## What to produce:
Only the pictures should be left out; write out all other data exactly.

## Available data:
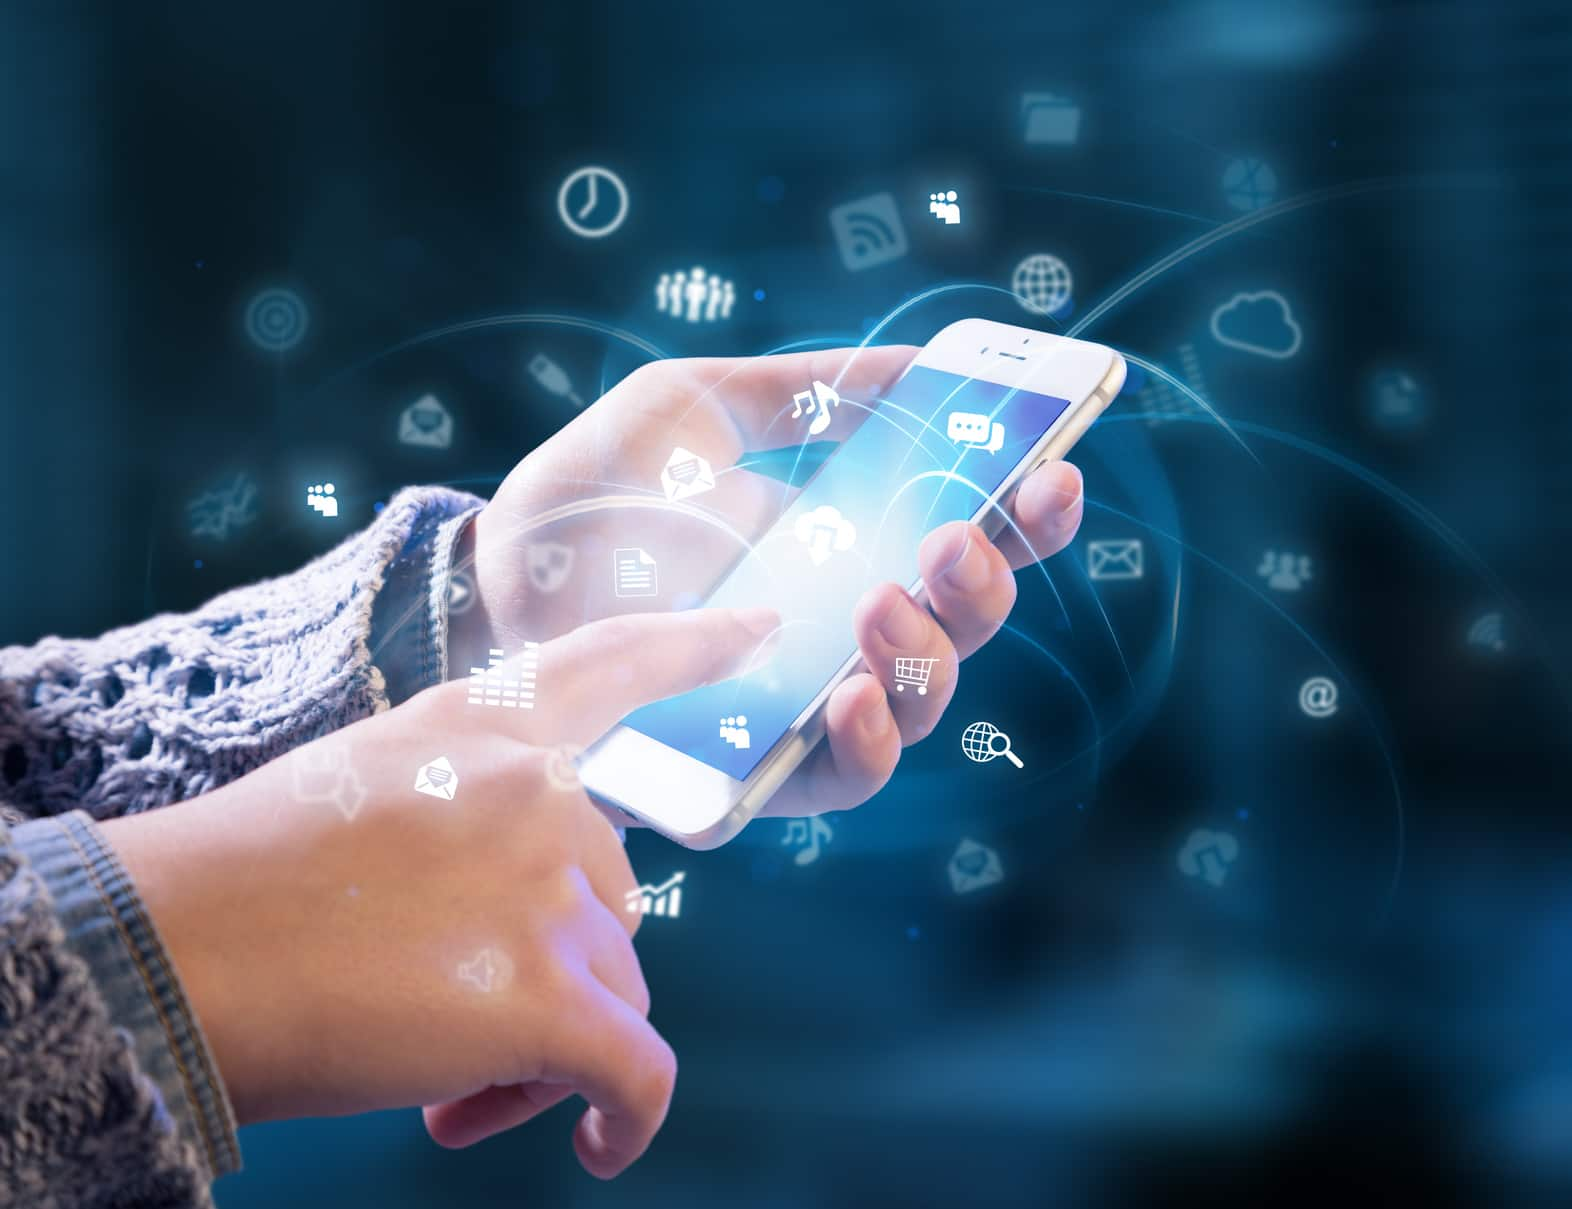 Nowe produkty bankowe w oparciu o otwarte API to przyszłość naszych finansów, sterowana telefonem
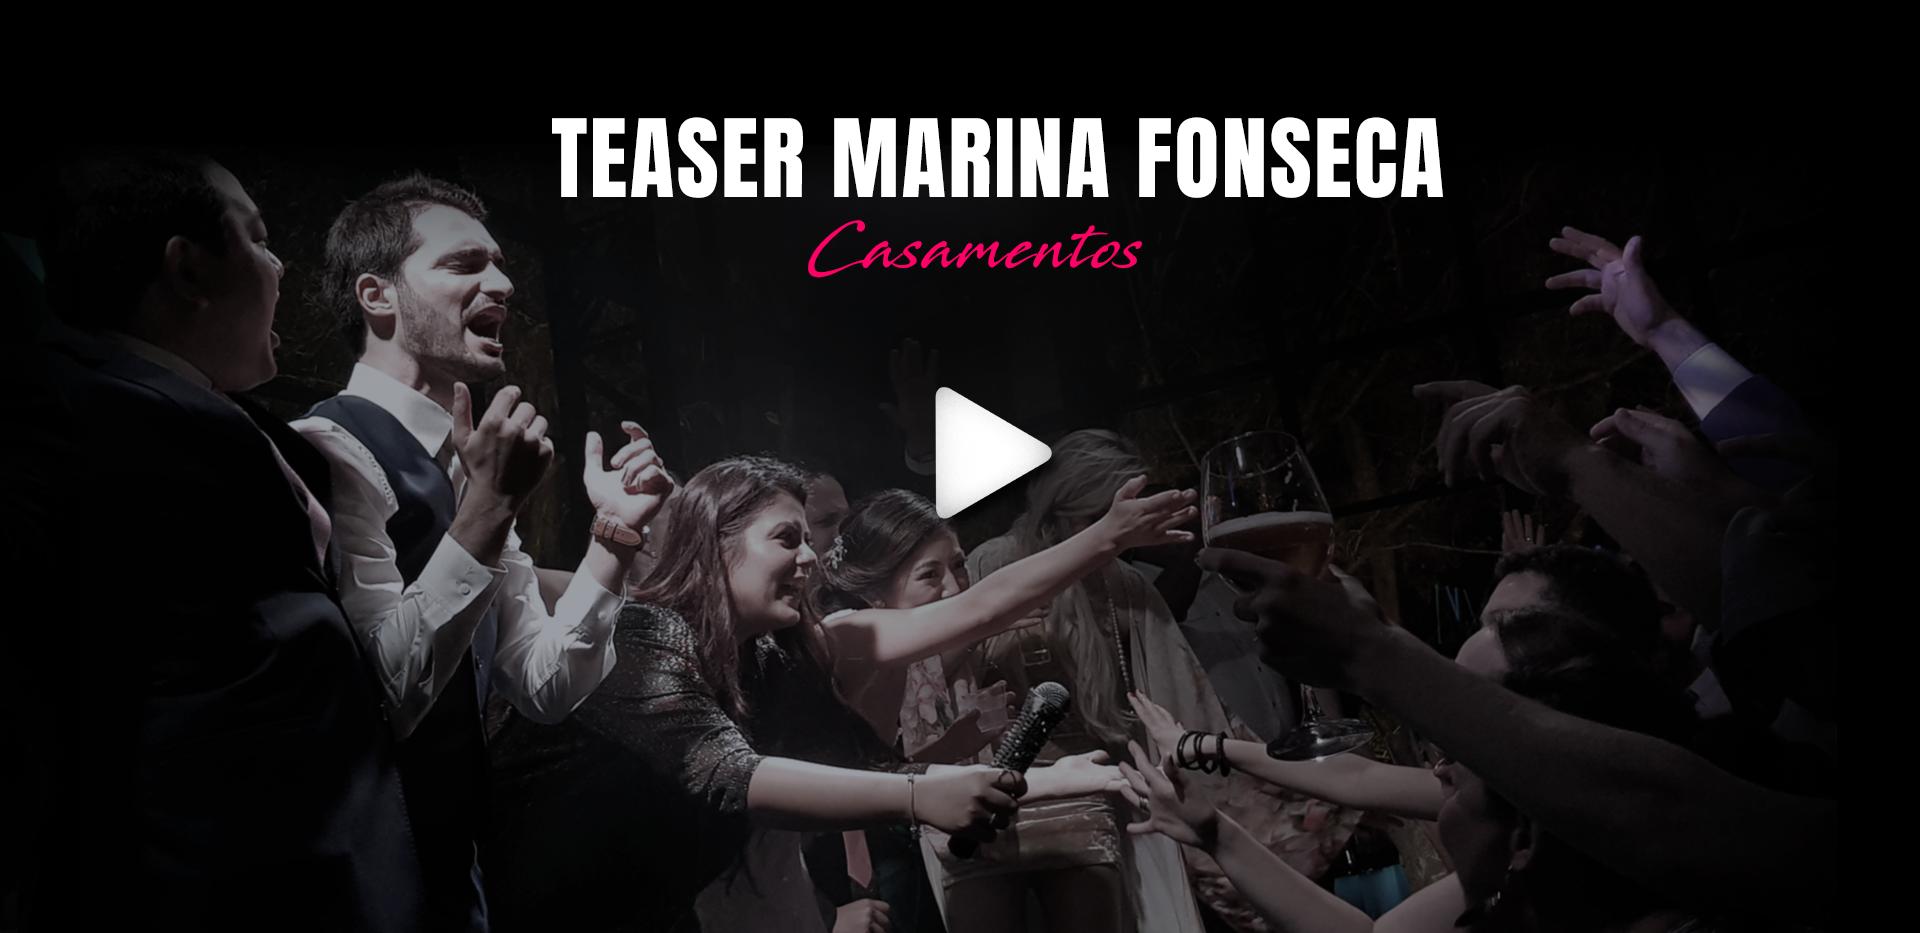 TEASER MARINA FONSECA - CASAMENTOS.mp4
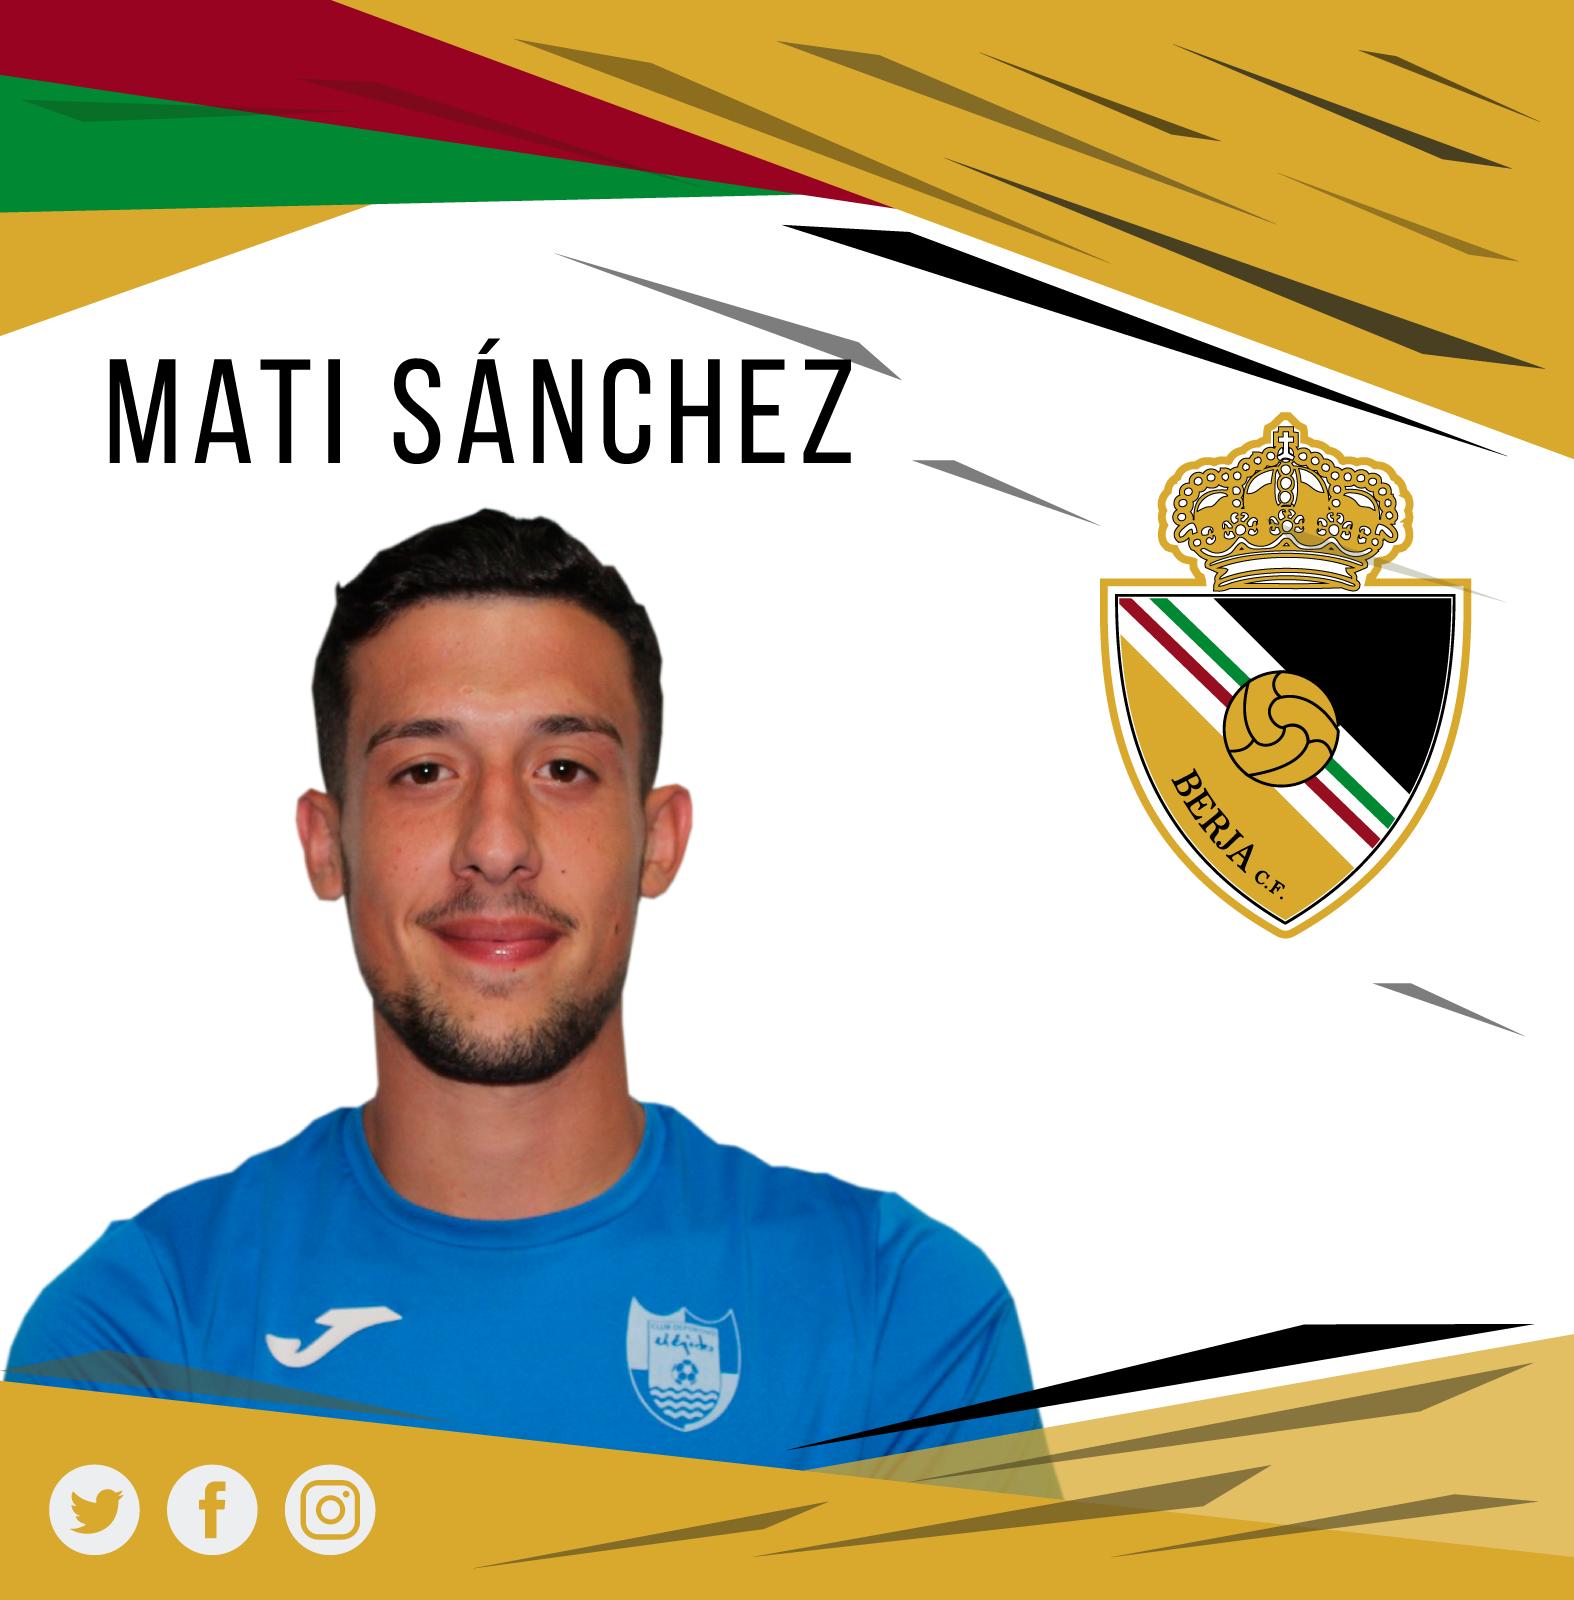 El central Mati Sánchez renueva con el Berja CF
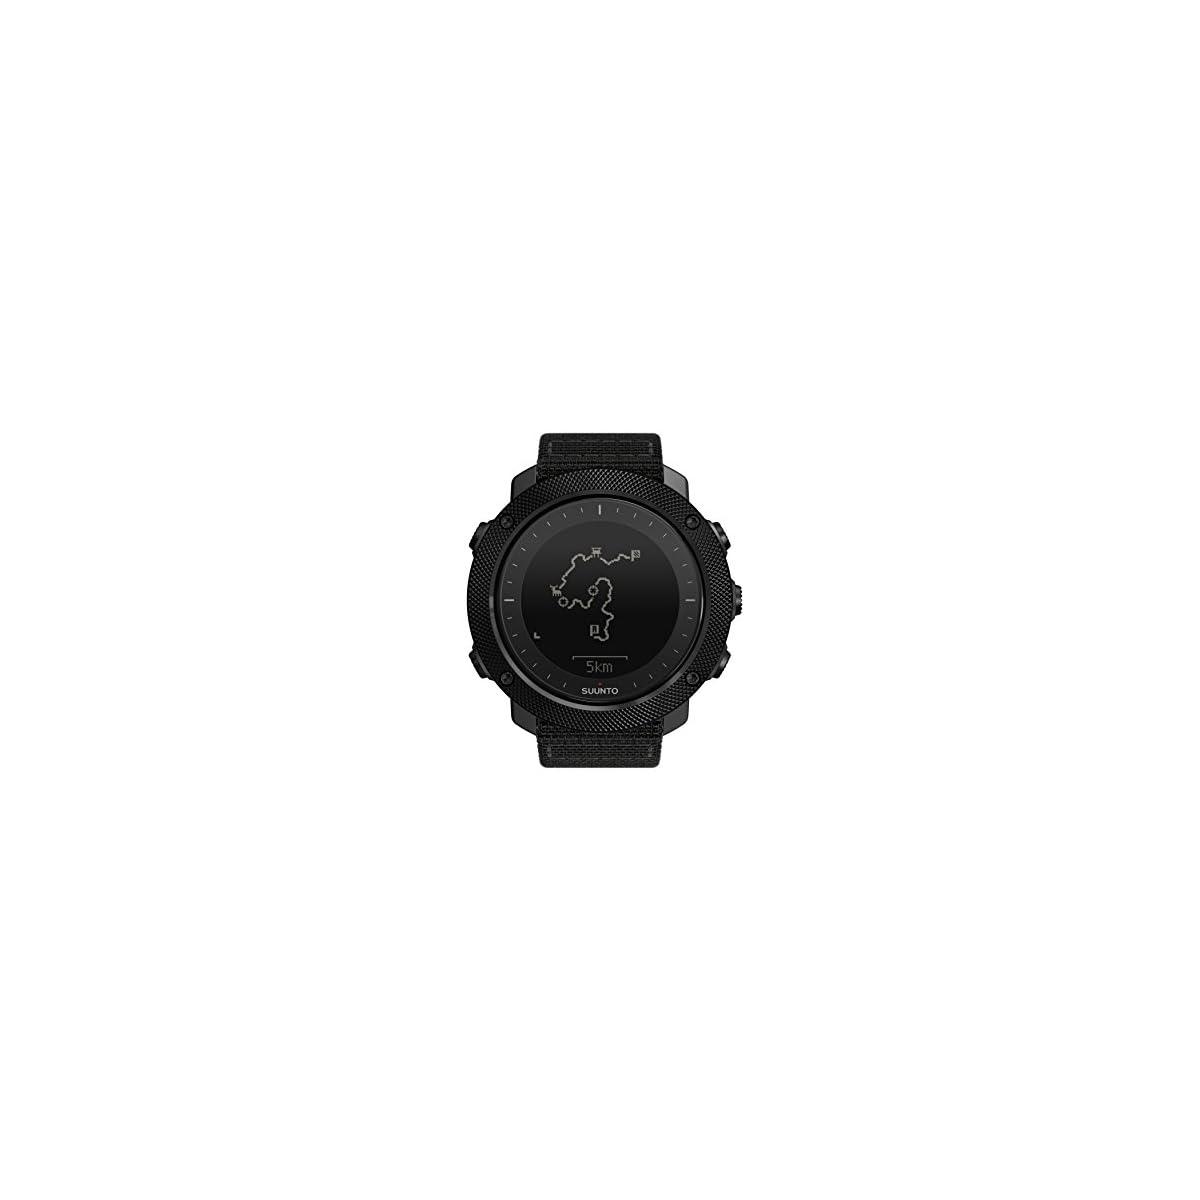 41cDq4YmiZL. SS1200  - Suunto - Traverse Alpha - Reloj GPS Outdoor para pesca, caza y excursionismo - Sumergible - Negro Stealth - Talla única

## Answer area:
 Nowe produkty bankowe w oparciu o otwarte API to przyszłość naszych finansów, sterowana telefonem
 TEASER MARINA FONSECA - CASAMENTOS.mp4
 El central Mati Sánchez renueva con el Berja CF
 41cDq4YmiZL. SS1200  - Suunto - Traverse Alpha - Reloj GPS Outdoor para pesca, caza y excursionismo - Sumergible - Negro Stealth - Talla única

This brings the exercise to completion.